■ **SUPPLIED ENTRIES**:

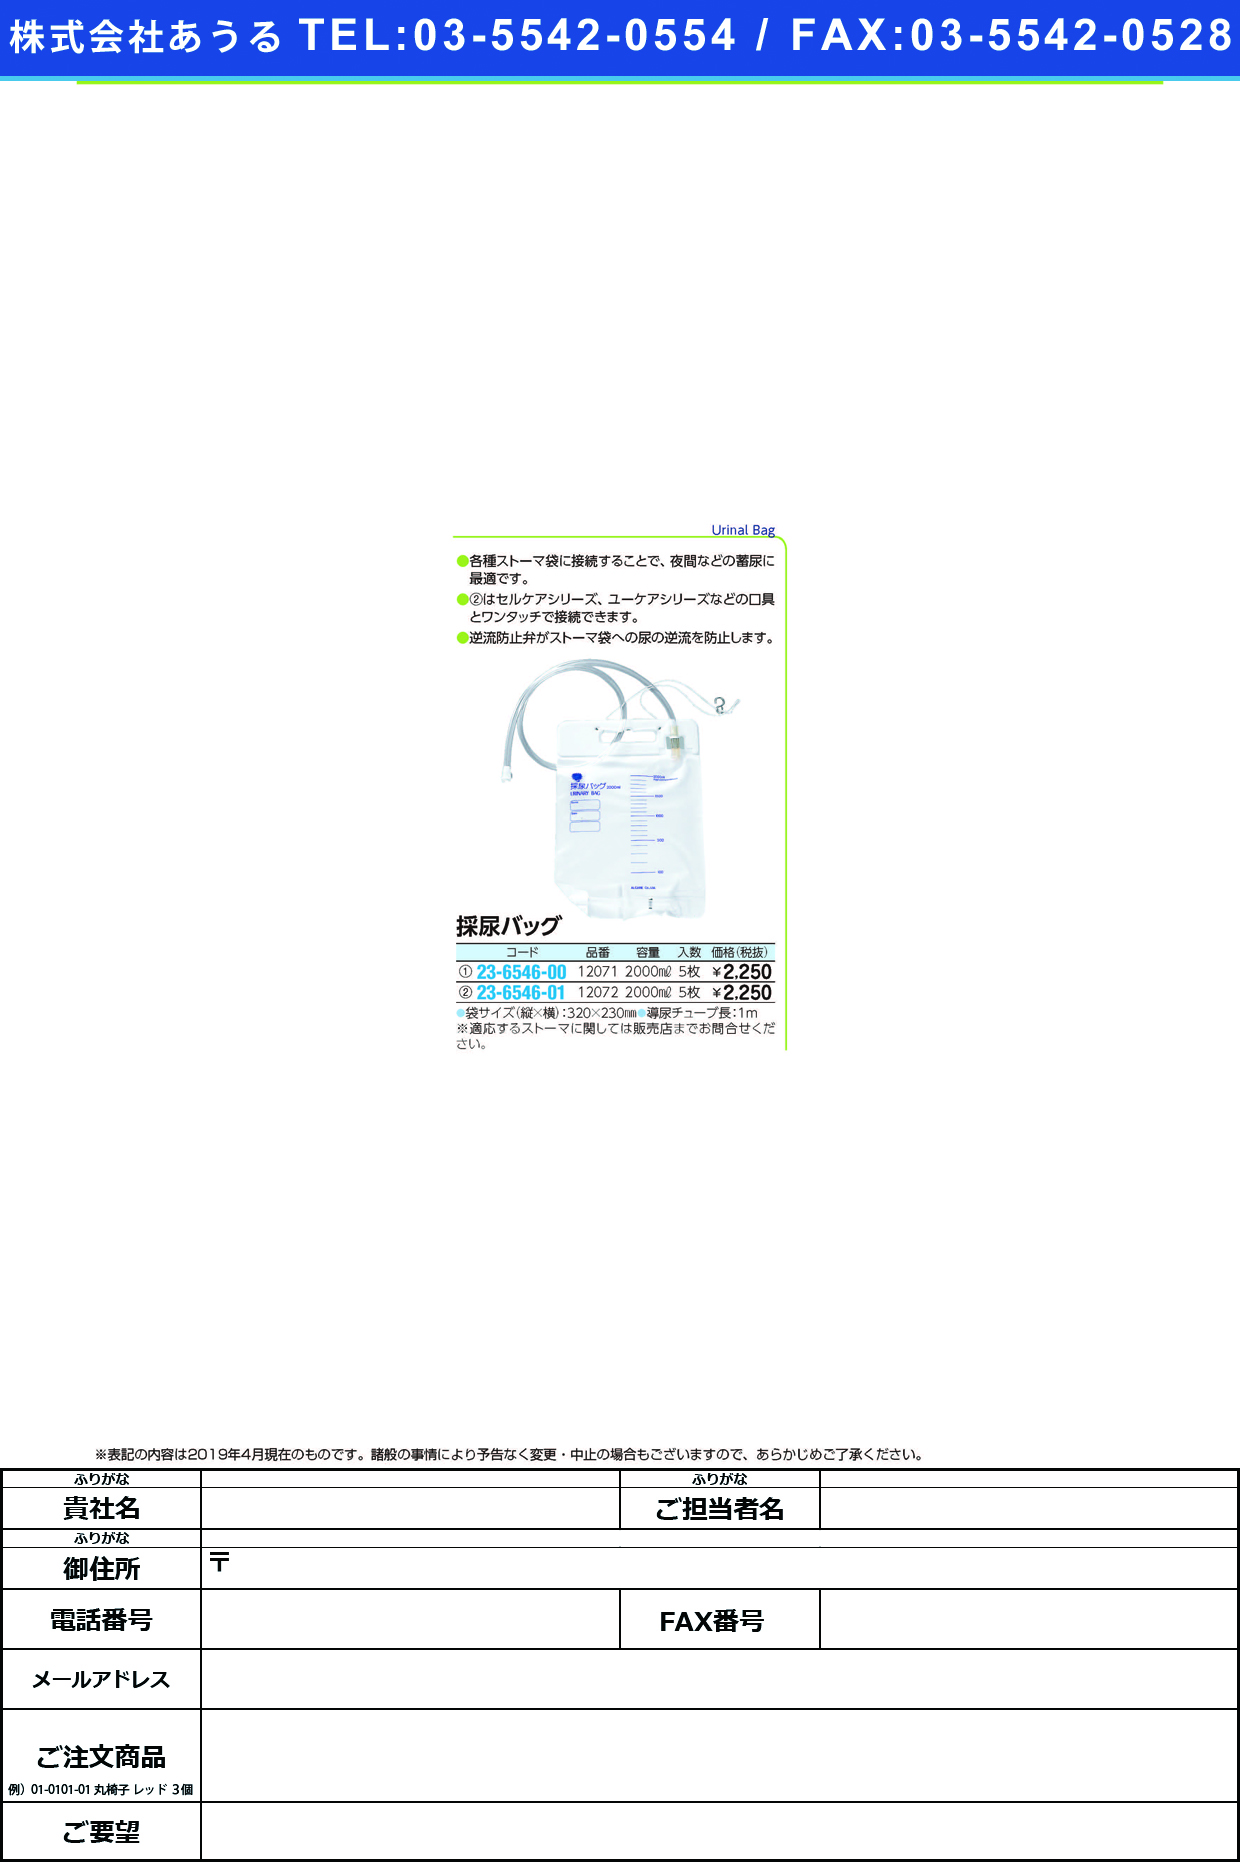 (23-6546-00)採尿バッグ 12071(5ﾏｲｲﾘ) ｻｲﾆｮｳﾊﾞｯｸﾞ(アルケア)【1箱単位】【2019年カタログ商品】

* * *

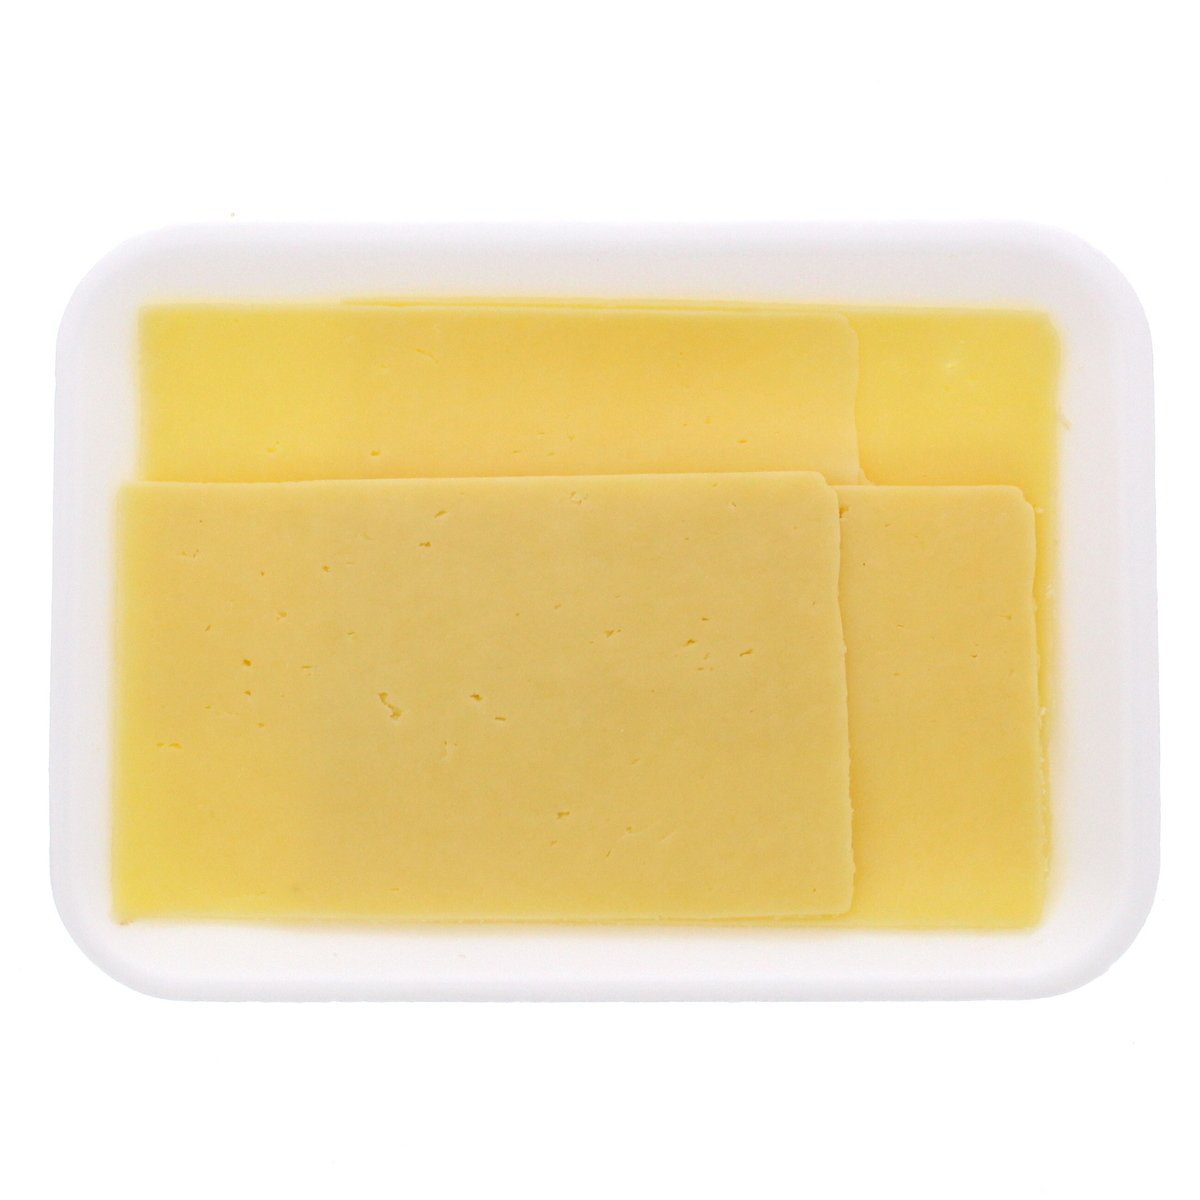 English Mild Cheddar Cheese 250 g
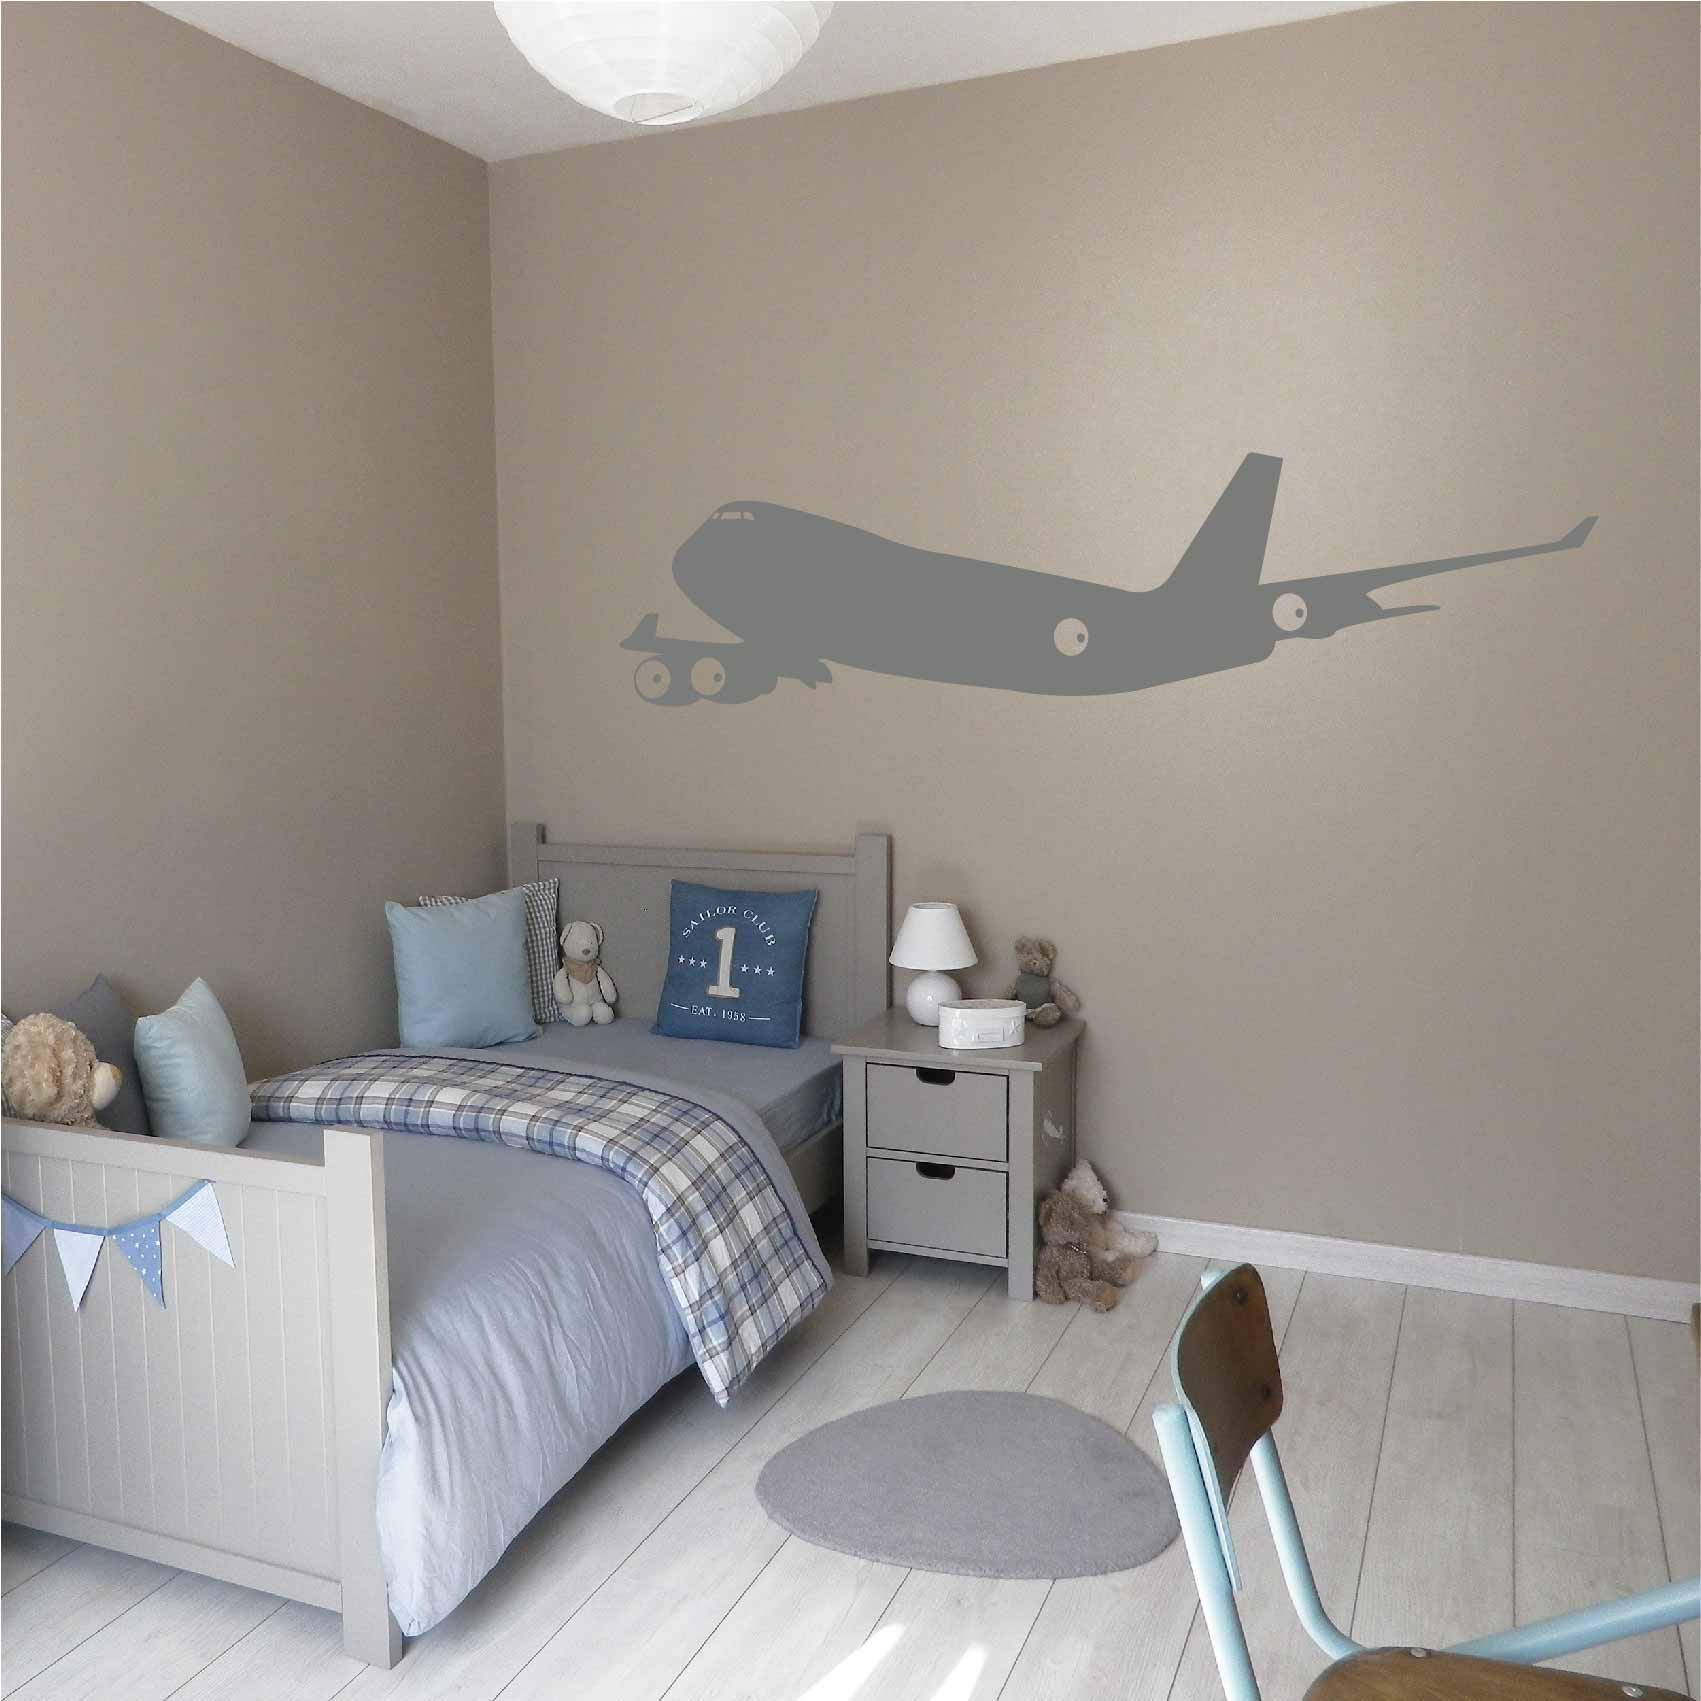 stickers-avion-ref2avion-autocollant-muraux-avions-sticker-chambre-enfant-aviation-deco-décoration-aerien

■ **WHAT IS EXPECTED**: Among the entries above, take the line with "English Mild Cheddar Cheese 250 g", the line with "stickers-avion", and all the lines between them, and restate them word for word without pictures.

■ **TASK SOLUTION**:
 English Mild Cheddar Cheese 250 g
 stickers-avion-ref2avion-autocollant-muraux-avions-sticker-chambre-enfant-aviation-deco-décoration-aerien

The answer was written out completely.